But before hundreds of homeless residents could collect, they had to listen to a political speech. Social Affairs Minister Ahmed al-Kurd told them Israel's military machine was defeated and that the Hamas government would rebuild their neighborhood bigger and better.

Insurance"There's a lot of talk," resident Zayed Khader, 45, said after the speech, as he waited for his name to be called so he could pick up relief checks worth a total of $6,000 for his family of nine. "When I see them actually building my house, I'll say these are good words."

Israel's three-week war on Gaza's Hamas rulers ended 10 days ago, but many here complain that political maneuvering -- both between Hamas and its moderate West Bank rivals, and in the international community -- is slowing the delivery of urgently needed aid to Gaza.

Israel and Egypt have not significantly eased their blockade of Gaza since a shaky cease-fire took hold Jan. 18, aid officials say.

A lifting of the blockade, a key Hamas demand, is being held up because of slow-moving negotiations over the terms of a durable truce.

Israel says it will only open the gates if Hamas halts weapons smuggling under international supervision. Egypt has said that on its border with Gaza, it will only deal with forces loyal to moderate Palestinian President Mahmoud Abbas, and not with troops from Hamas, Abbas' rival.

In the meantime, thousands of tons of supplies are not reaching Gaza, said John Ging, the top U.N. aid official in the territory. "The ordinary people here in Gaza are not getting enough help and are not getting it quickly enough," Ging told reporters this week.

Israel said U.N. trucks are given priority at crossings into Gaza and denied aid was getting stuck. "Over 40,000 tons of aid have entered Gaza since the cease-fire and that is despite ongoing Hamas rocket attacks," said Peter Lerner, an Israeli military official.

The U.N. Relief and Works Agency is the biggest aid organization in Gaza. It is responsible for 1 million refugees and their descendants, out of a population of 1.4 million. Its initial war emergency budget was $100 million, and on Thursday it filed an aid appeal for $613 million.

But without a deal to open the devastated territory's borders, it wasn't clear the appeal would do much good. More than two dozen trucks loaded with food, aid and goods intended for Gaza were stranded on the Egyptian side of the border Thursday.

"There are thousands of tons of assistance generously donated, sitting in Egypt, Jordan and also in the ports in Israel," Ging said. "That aid should be right here, right now, helping the people who need it."

In recent days, UNRWA expanded food aid, with some 900,000 Gazans now getting rations of flour, oil and sugar. On Thursday, each of 200,000 students in UN schools received about $25.

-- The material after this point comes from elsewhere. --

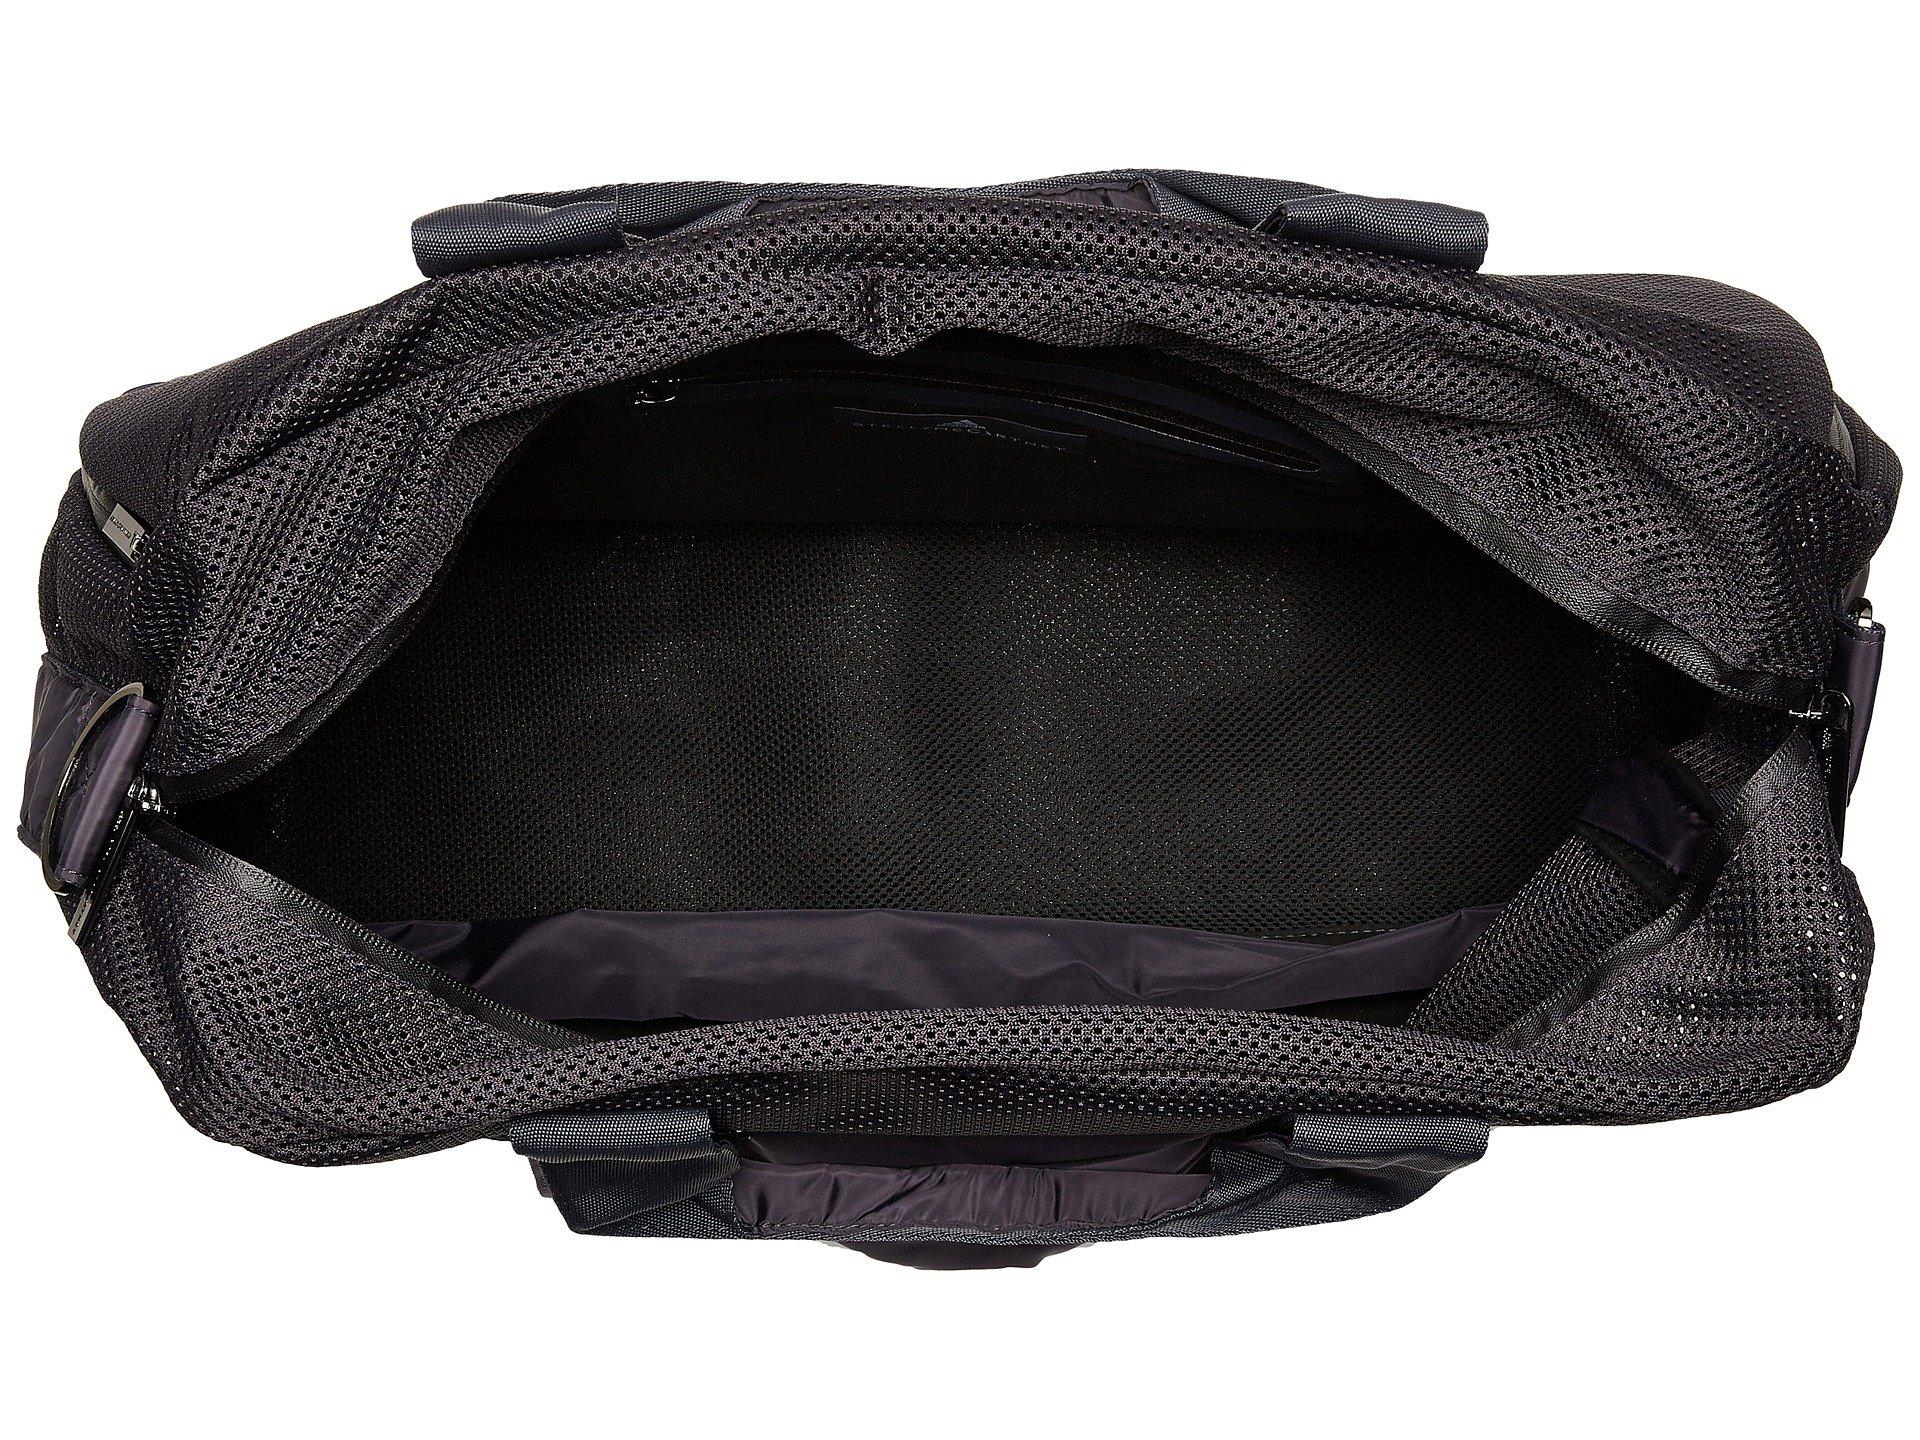 d7992003efe Adidas By Stella Mccartney Nylon Yoga Bag   ReGreen Springfield

During the war, U.N. schools sheltered 50,000 displaced Gazans, and the agency is paying nearly $150 to each family to try to find another place to stay.

UNRWA operates independently of the Hamas government, and the Islamic militants have been careful not to interfere with U.N. aid programs. However, Hamas has insists on supervising the projects of foreign and local volunteer groups.

On Thursday, government representatives took charge of a tent camp pitched in the Salam neighborhood of the town of Jebaliya, near Israel.

Dozens of tents stood on a newly cleared lot, ringed by the rubble of houses that had been demolished or badly damaged by Israeli forces. Hundreds of residents, now homeless, milled around, chasing rumors about the size of the eventual aid payment as they waited for other deliveries. Two U.N. trucks eventually dropped off 460 mattresses and 2,540 blankets.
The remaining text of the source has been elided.